Games * Design * Art * Culture


Wednesday, November 30, 2005
Keep Your Laws Off My Games
Noted enemies-of-freedom Clinton and Lieberman are at it again.

You know, I really don't like living in a country where citizens can be held indefinitely without trial on the president's say-so, the feds can issue orders for your private information under a ban of secrecy that doesn't allow people even to reveal that the order exists--and where something as harmless as a game is viewed as needing the kinds of controls we apply to addictive, life-threatening drugs.

When I was young, I lived in a free country. I'd like to have it back, thanks. A pity neither party apparently believes in freedom any more.


Monday, November 28, 2005
Empire Dearth
Holy crap...

I was emailing Rick Goodman this morning (to ask him for connections to Boston-area early-stage VCs and angels) when the email bounced... I figured okay, it's been a couple of years since I talked with him last, people do change email addresses, if only because the old ones start filling up with spam... And went to look at the Stainless Steel Studios website... to get an "Index of /" screen with no content. WTF?

A web search led me to this thread on Heaven Games... apparently Midway pulled the plug and Stainless Steel Studios ain't.

Daniel Higgins posted:


    This is true, SSSI is no more. I can't give details as to why, but I can tell you the product is in excellent shape, the team was in high morale and plowing ahead at full steam, and we were just weeks from gold disk.

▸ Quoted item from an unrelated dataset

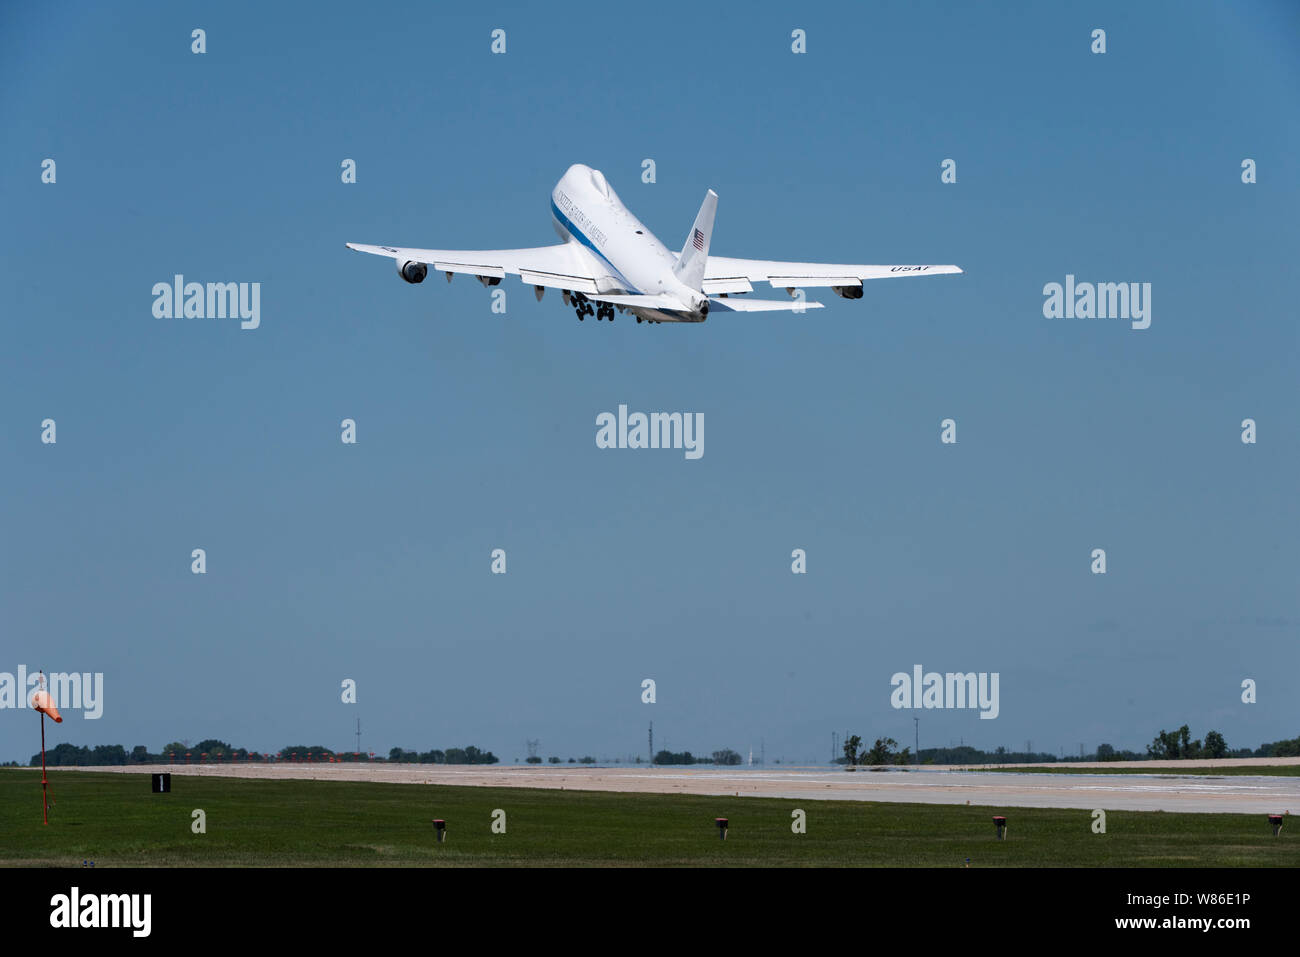 A U.S. Air Force E-4B National Airborne Operations Center aircraft takes off from Offutt Air Force Base, Nebraska, July 10, 2019. The E-4B is protected against the effects of an electromagnetic pulse and has an electrical system designed to support advanced electronics and a wide variety of communications equipment.(U.S. Air Force photo by Staff Sgt. Jacob Skovo) Stock Photo
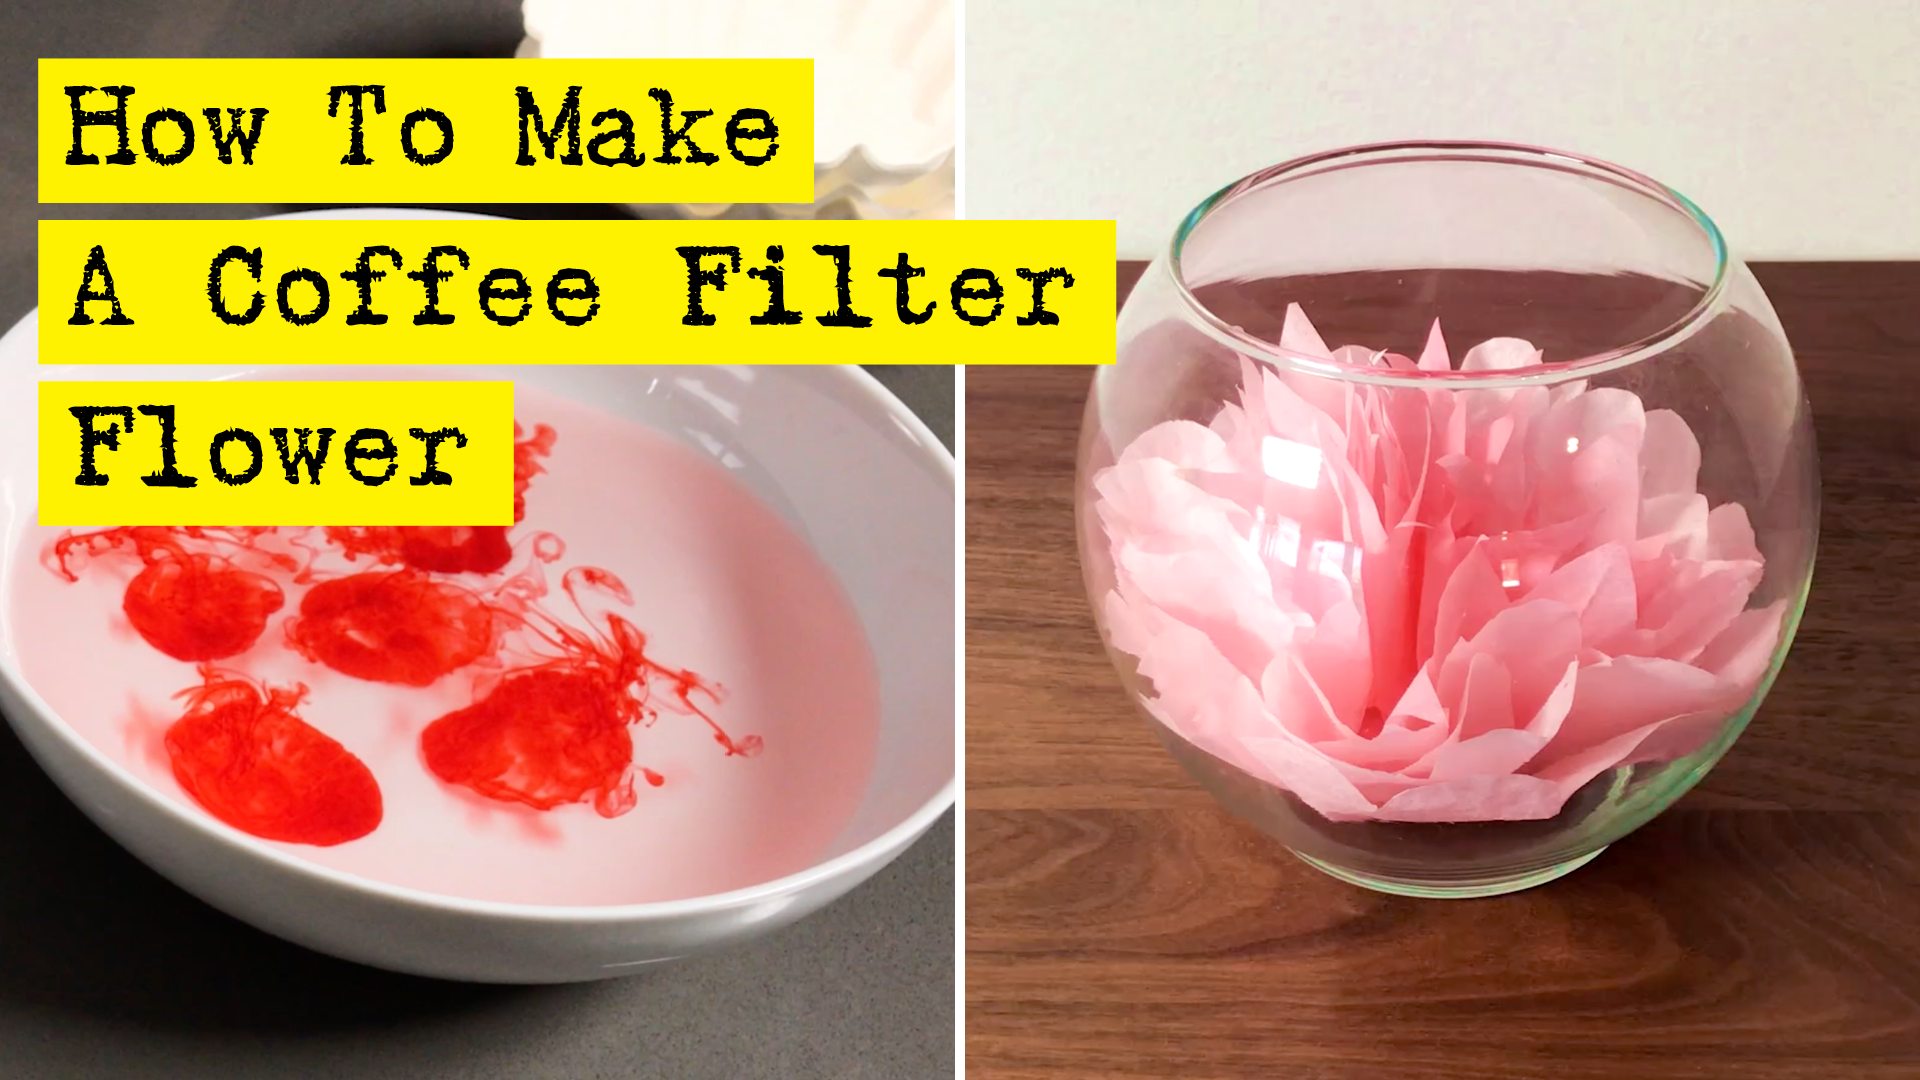 How To Make A Coffee Filter Flower by DIY Presto!

    When making games, not all factors are under your control. If one of those uncontrolable factors are important to your company and product, and fails you, bad things like this can happen. It's an unfortunante part of life. You can only learn from the experience, hopefully educate others on your experiences, and everyone in the games industry gets stronger as a result.

    Still, this is truly a dissapointment. The talent of our team was incredible, the synergy we had, amazing. We would have been a gold-mine pickup for one of the bigger publishers if they wanted a top-notch RTS game company under their wing.. but alas... People are spreading to the wind now, unfortunantly seperating some amazing talent that worked on, what I feel is one of, if not the most, modern RTS Technology in the industry. 7 years, and.. hmm.. something like 70 programming years (man years) put into the product.

    If Rise & Fall is released by someone else (its just a few bugs from finishing), you guys will love it! RAF is an RTS evolutionary game, and its a shame we won't be around to write its XPacks and sequels.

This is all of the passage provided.